Reading:

It turns out that Harold Berman has written a a second volume of Law and Revolution, subtitled “The Impact of the Protestant Reformations on the Western Legal Tradition.” Volume 1, “The Formation of the Western Legal Tradition,” for those who don’t know, was published in 1984 and provided an extraordinary survey, synthesis, and argument about the development of western legal thought from the Papal Revolution of the 11th and 12th centuries onward. It weaves together institutional, intellectual, religious, social, and economic history, and is one of the most valuable books I’ve ever read. (Jeremy Waldron first told me to read it; and, later, when he learned I hadn’t yet, told me again.) I don’t know what its reputation is among medievalists, but I think legal historians are pretty uniformly impressed by it (though the book is critical of what were then established ways of doing legal history).

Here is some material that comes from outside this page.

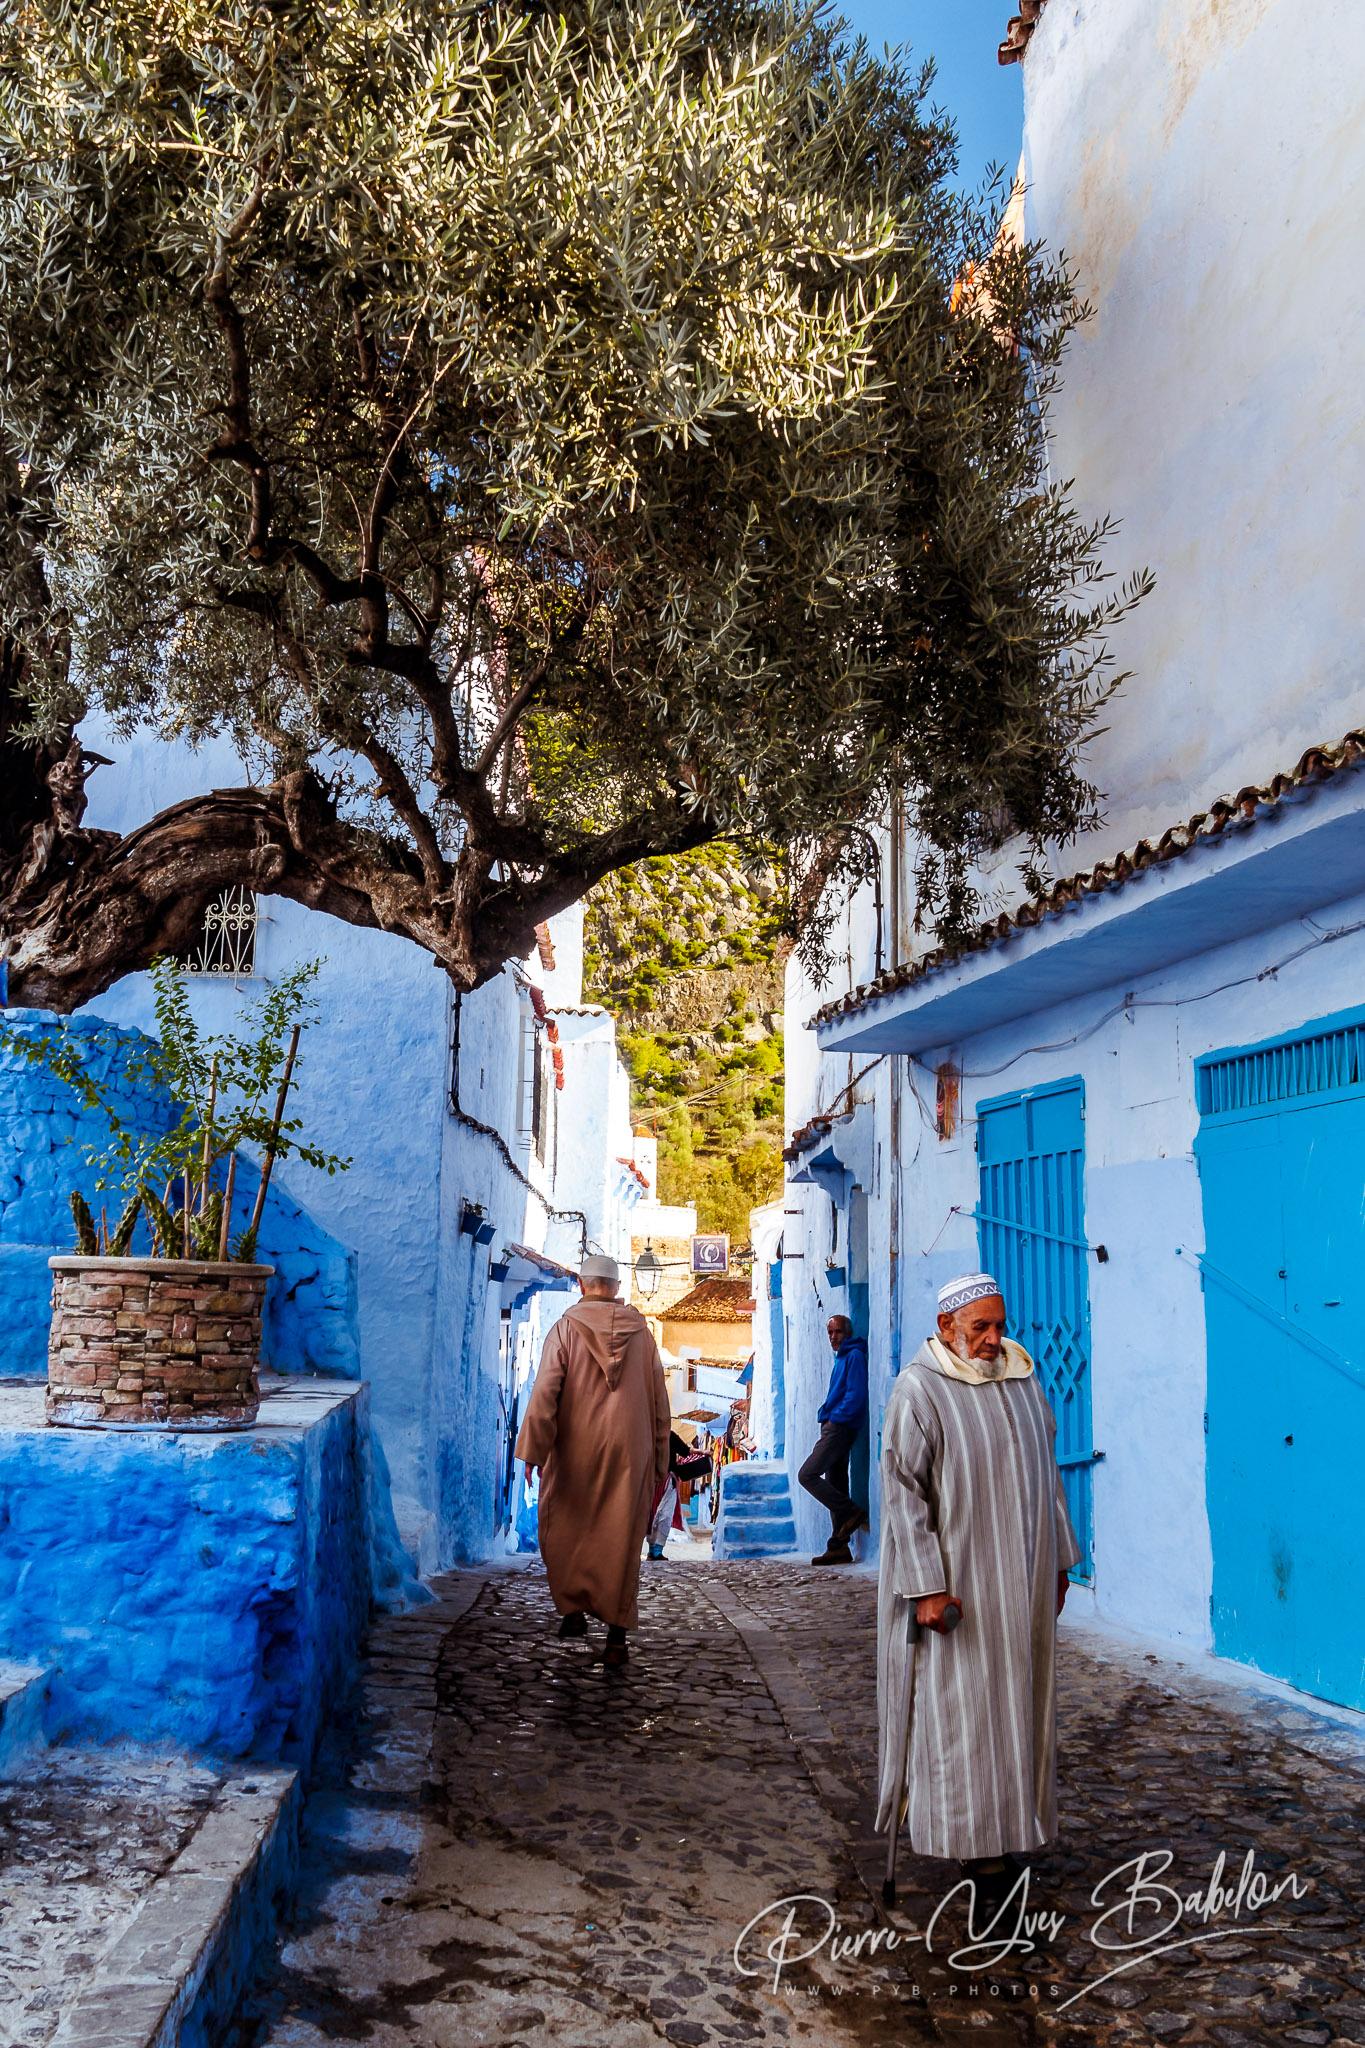 Marocains sous l'olivier dans la medina de Chefchaouen, Maroc

Harvard University Press describes Volume II as being “long-awaited.” For my part I had no idea that it was in the works the book that in retrospect we’ll call Volume I stands alone just fine, and it’s hard to believe that the same person could gain an equal level of mastery over early modern materials that Volume I shows over medieval ones. Had I known, however, I would have been among the awaiters. In any event, now I’ve got my copy, and it immediately moves to the top of my to-read pile.